Author(s): Cleland SC, Domalpally A, Liu Z, Pak JW, Blodi BA, Bailey S, Gehrs K, Wallace R, Tinker L, Mares JA; Second Carotenoids in Age-Related Eye Disease Study Investigators. Reticular Pseudodrusen Characteristics and Associations in the Carotenoids in Age-Related Eye Disease Study 2 (CAREDS2). Ophthalmol Retina. 2020 Dec 30. pii: S2468-6530(20)30506-6. doi: 10.1016/j.oret.2020.12.019. [Epub ahead of print] PMID 33387684
Journal: Ophthalmology. Retina, Dec 2020
PURPOSE To determine the prevalence and morphological features of reticular pseudodrusen (RPD) and their association with participant demographics and AMD status in the Carotenoids in Age-Related Eye Disease Study 2 (CAREDS2) sample, an ancillary study of the Women’s Health Initiative Observational Study.
DESIGN Cross-sectional, multicenter, natural history study.
PARTICIPANTS 946 eyes from 473 female postmenopausal participants aged 69 to 101 years old METHODS: Multimodal imaging including spectral domain optical coherence tomography (SD OCT) and infrared reflectance (IR) were used to identify RPD characteristics, such as location (within or outside the 6 mm diameter circle centered at the macula), presence of peripapillary RPD, pattern of RPD, and RPD area. AMD features from SD OCT, IR, and color photographs were also assessed and AMD severity was categorized.

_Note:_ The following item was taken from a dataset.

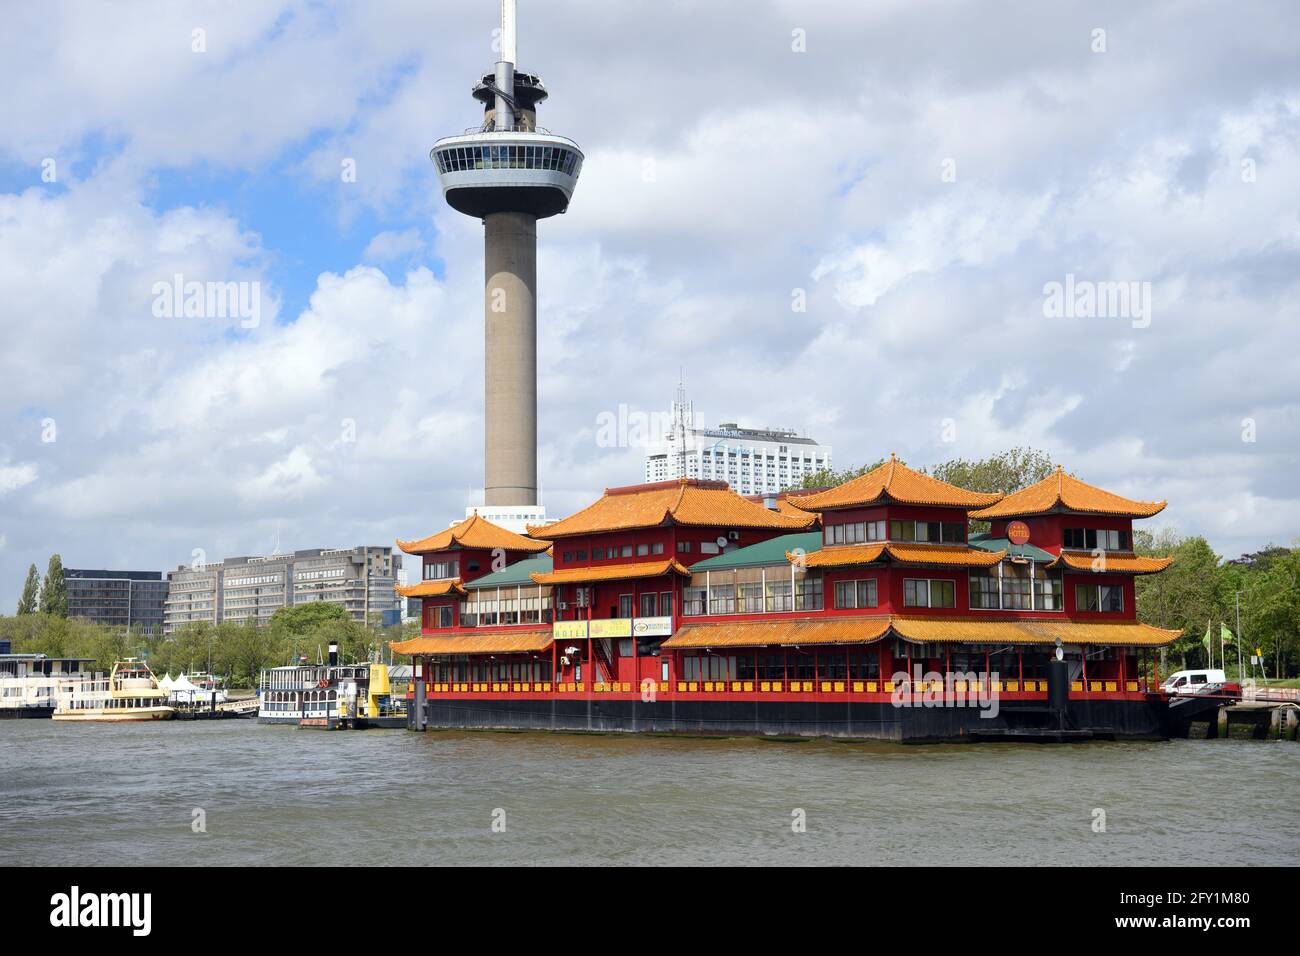 21 May 2021, Netherlands, Rotterdam: The Euromast observation tower, designed by architect Huig Maaskant, is located behind the Amazing Oriental Rotterdam Parkhaven. The tower was opened in the 1960s for the garden exhibition Floriade. The Chinese-style building houses restaurants, a hotel and a supermarket. Photo: Soeren Stache/dpa-Zentralbild/dpa Stock Photo

MAIN OUTCOME MEASURES RPD prevalence using SD OCT and IR imaging, and AMD status.
RESULTS RPD were present in 130 eyes (14% of eyes, 16% of participants), with increasing prevalence with age; 7% in 83 years. Using clinical classification of AMD with color photography, RPD were seen in 2.4% of eyes with no AMD/ aging changes, 11.5% in early AMD, 25.1% in intermediate AMD and 51.1% in late AMD. Mean RPD area was 17.4 (14.7) mm2. Ribbon morphology (53%) was more common than dot morphology RPD (36%). RPD were mostly located both within and outside the 6 mm circle with primarily superior retinal distribution. RPD were visualized with corresponding color fundus photography in only 38 eyes (4% of total eyes). Participants with and without RPD had a visual acuity ± standard error of 77.9 (1.4) and 81.3 (0.4) letters, respectively (P = 0.02).
CONCLUSION The prevalence of RPD in CAREDS2 increased with age and was associated with AMD severity. RPD was detected in eyes without other features of AMD and could represent an earlier disease state. Multimodal imaging with SD OCT and IR has significantly greater sensitivity for visualizing RPD than color fundus photography.